1. Introduction
DSP blocks dedicated to multiplication and addition are hard macros, but if they are not properly mapped to resources, they can slow down operation. This article describes how to improve a circuit that does not produce timing even when the DSP block is in use.
This document uses an Intel® Arria® 10 FPGA circuit as an example.
2. about the DSP block
The structure of the DSP block is as follows: The DSP block has various functions, but only the necessary functions are activated and used. For example, in this example, the addition circuit, coefficient ROM, and registers other than input and output registers are not used.
Figure 1: DSP Block (18x19 in fixed-point multiplier mode)
3. Example: Configuration in which the internal memory output is directly input to the DSP block
3-1. Circuit Configuration
When the internal memory output is multiplied without going through FF, the input register of the DSP block is not used, resulting in a longer path and lower Fmax.
Note that the shift register description may also be implemented in internal memory. Check the compilation result.
Figure 2: Circuit Configuration
3-2. Check the timing error locations with a timing analyzer Check the timing error locations with the timing analyzer.
Execute "Report Timing" in the timing analyzer and check the path name that has failed.
Figure 3: Checking the Failed Path Name
3-3. Graphically check the circuit structure
The circuit structure can be checked graphically in the Technology Map Viewer and Resource Property Viewer.
Step 1: First, open Technology Map Viewer from the path you want to check
- Right-click
in the displayed line of the path you want to check on the Timing Analysis screen → Locate Path → Locate in Technology Map Viewer
Step 2: Select the DSP block and open Resource Property Viewer
-In the Technology Map Viewer screen, select the DSP block cell and right-click
→ Locate Node → Locate in Resource Run Property Viewer to view
Input registers are unused in the DSP block (low light, no blue border). The input signal is bypassed.
Figure 4: Graphical confirmation of the circuit structure
3-4. implement countermeasures Do
Change so that the input register (DFF) of the DSP block is used.
Add one or more DFF stages between the internal RAM and the multiplication. This is a change that expects Register Packing to use the DSP block input registers.

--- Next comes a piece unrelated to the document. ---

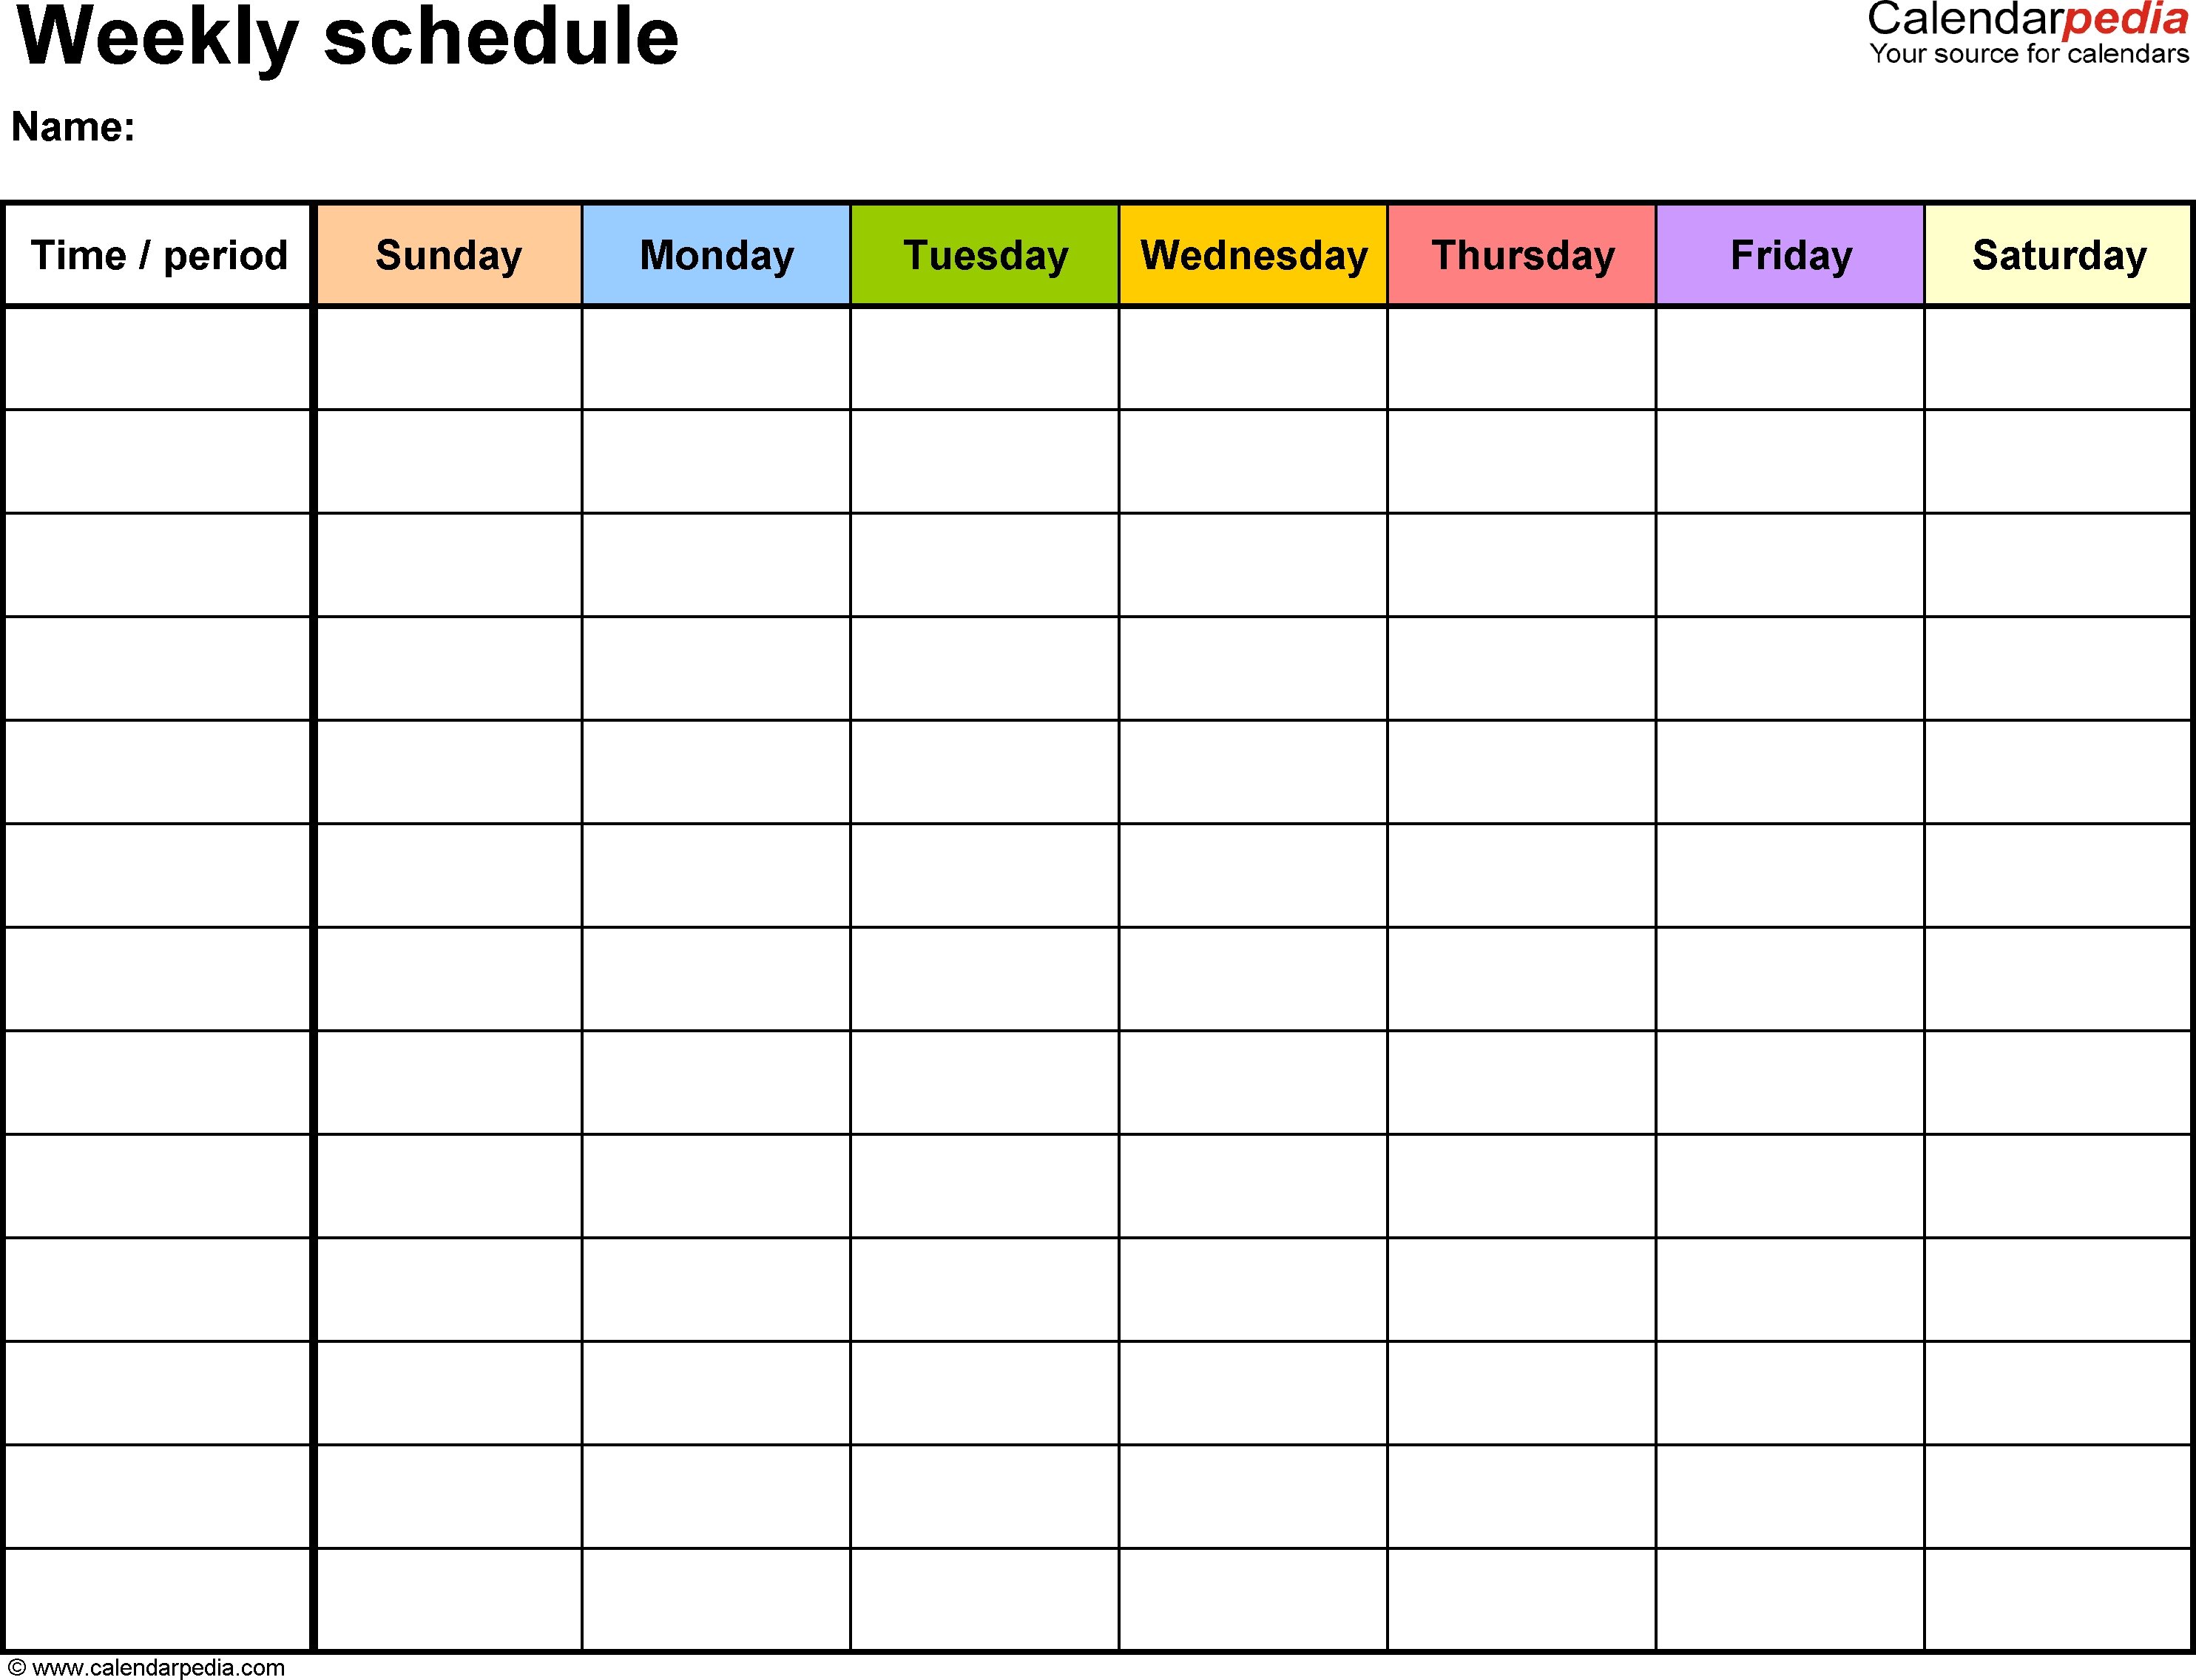 Free Weekly Schedule Templates For Word - 18 Templates Monday To Sunday Calendar To Fiull In

When adding DFF, make sure that the latency change is not a problem.
If the RAM is used for shift registers, adjust the length of the internal memory section so that the overall number of stages does not change.
If the RAM is used for other functions (FIFO, coefficient/function table, etc.), adjust the read timing and the timing of using multiplication results to maintain the overall functionality.
Figure 5: Adding DFF
3-5. Check the results of the measures with the timing analyzer Check the results of the countermeasure with the timing analyzer
The Fmax value improved from 302.21 MHz before the countermeasure to 372.21 MHz, satisfying the target frequency of 333 MHz.
Figure 6: Timing Analyzer screen
3-6. Graphical Confirmation of the Structure of the Circuit after Countermeasures
Graphical confirmation of the result of the countermeasure: Input registers are used in the DSP block (with blue boxes). The internal memory (RAM) output is received using the input register in the DSP block, and Register Packing is performed as expected.
Figure 7: Graphical Confirmation of the Circuit Structure
4. Reference: Evaluation Circuit
4-1. circuit before countermeasure (RAM-based shift register + DSP block multiplication)
Shift register: 16 stages, RAM-based
multiplier: DSP block (Native Fixed Point DSP is used)
Figure 8: Circuit before countermeasure (RAM-based shift register + DSP block multiplication)
4-2. circuit after countermeasure ( RAM-based shift register + DFF + DSP block multiplication )
Shift register: 15 stages, RAM-based + DFF
Multiplier: DSP block (using Native Fixed Point DSP) (No change)
Compilation improves timing by packing the D-FF as an input register of the DSP block.
Figure 9: Circuit after countermeasures
5. Conclusion
The above is an example of a design using a DSP block that does not produce timing, the analysis method, and the countermeasure. We hope this will be of some help to you.